What is the connection between hormones and breast cancer?
The connection between hormones and breast cancer is not fully understood, but is based on studies and research that combines estrogen, progesterone and similar synthetic compounds with breast cancer. With the advent of hormone substitution therapy (HRT) used for women whose bodies lack the ability to produce the corresponding amount of these hormones, scientists of cancer were able to demonstrate the existence of a significant relationship between excess or lack of effective transmutation of these hormones and female risk of disease. Estrogen is most often involved in the binding between hormones and breast cancer, because this hormone has some properties that can lead to unlimited growth of cells observed in the disease. Estrogen is a hormone that stimulates breast cells to divide in normal periods of growth and development, and this seems to be facilitated by the hormone susceptible to metabolic changes leading to cancer cell proliferation.
In the Hormone and Breast Research Community, breasts are discussed on why older women are exposed to a higher risk of breast cancer, but have a lower level of estrogen and progesterone. Some scientists point to this irregularity of data as an argument that hormones and breast cancer have a weaker connection than originally thought. Other scientists, however, see data as a sign that the female body is not intended to metabolize a large number of these hormones after menopause and that if it is forced to do so, cancer can develop. Natural lifelong exposure to the woman hormones can include an unintentional environmental exposure to compounds imitating estrogen-time pairs with HRT as it enters menopause and acts as a switch that causes cancer cell proliferation in breast tissue.

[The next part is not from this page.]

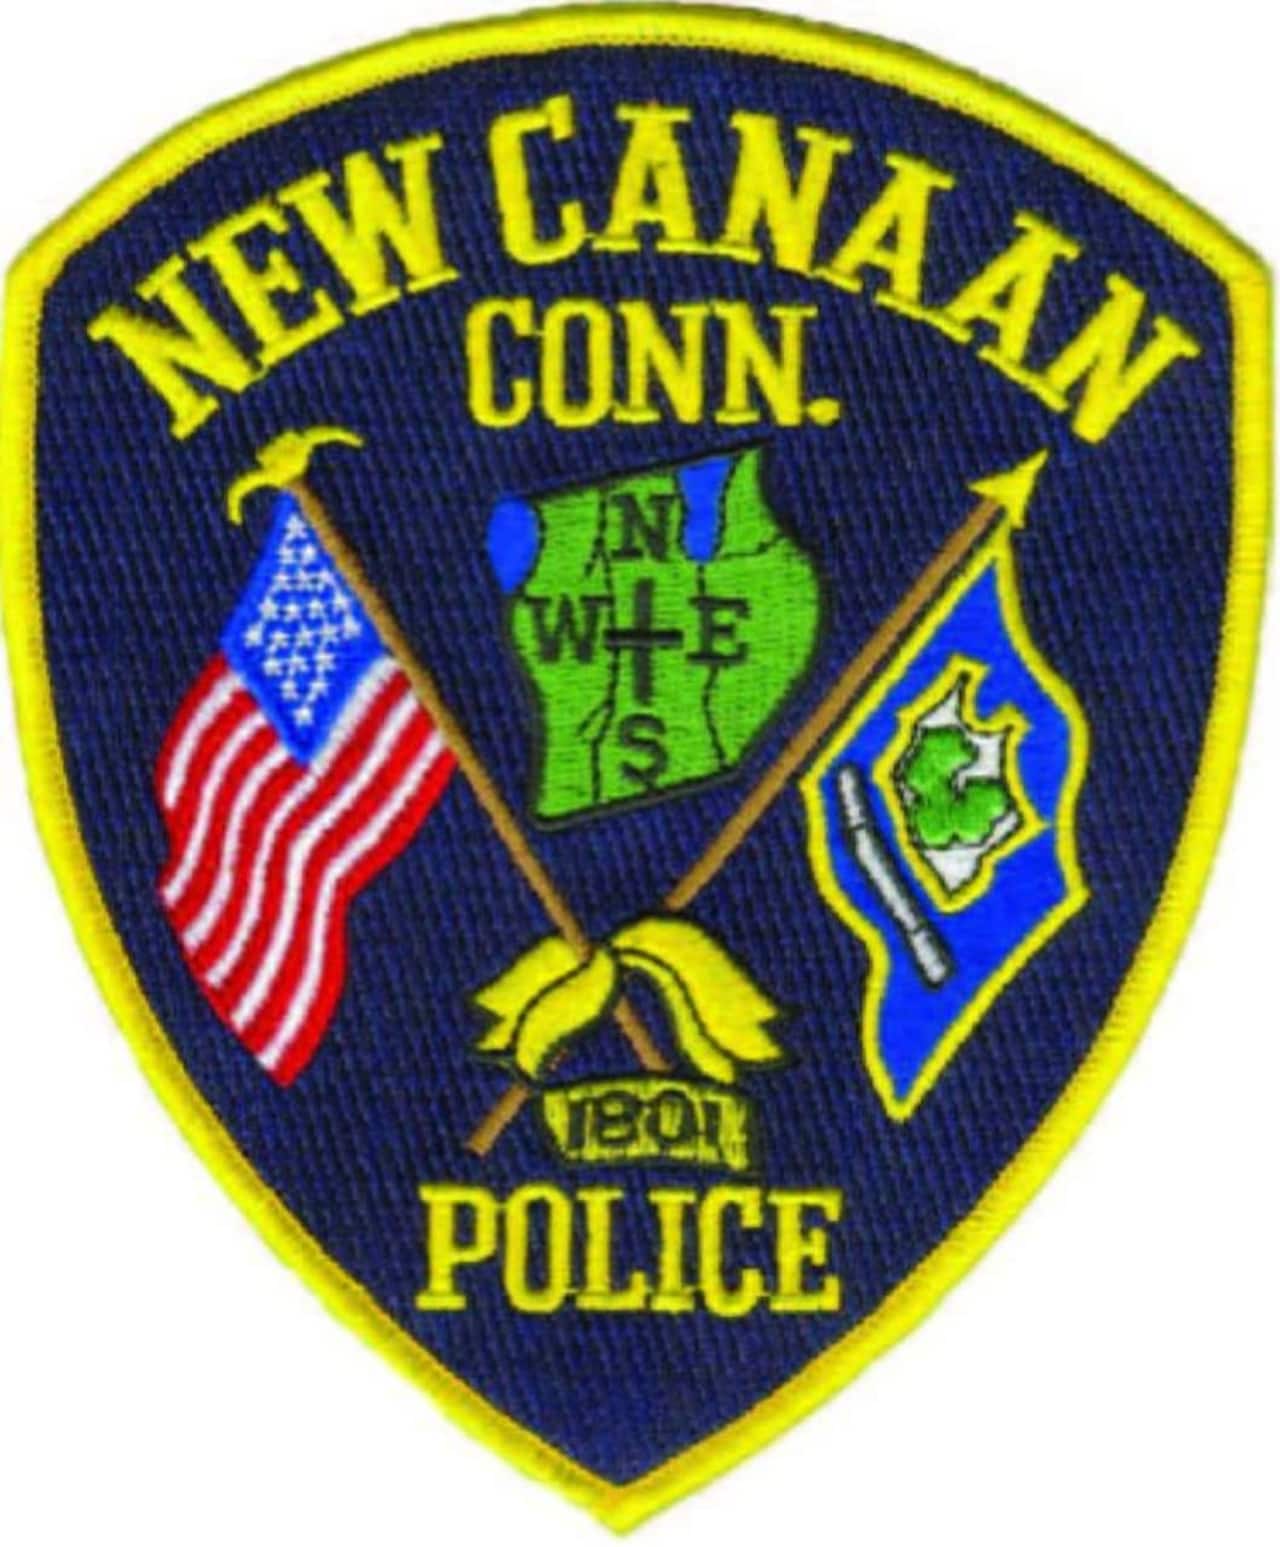 New Canaan Police arrest a man six weeks after traffic incident.

While the drugs used in traditional HRT are not biojidentic troj and progesterone that produces the body, it has been shown in studies that the chemicals used to produce their syntheticThe equivalents can activate the same receptor proteins in breast tissue, which can cause cancer. When it comes to compounds imitating estrogen, there are many ways that women can be exposed to these toxins, such as those that form the breakdown of certain types of plastic, in everyday life. These toxins contain the same steroid ring, which can then mimic the activity of estrogen in the body, often the time causing confusion in the system and raising estrogen levels above an acceptable range. On the horizon are new hormonal drugs that deal with some of these questions and show a promise as safer for HRT.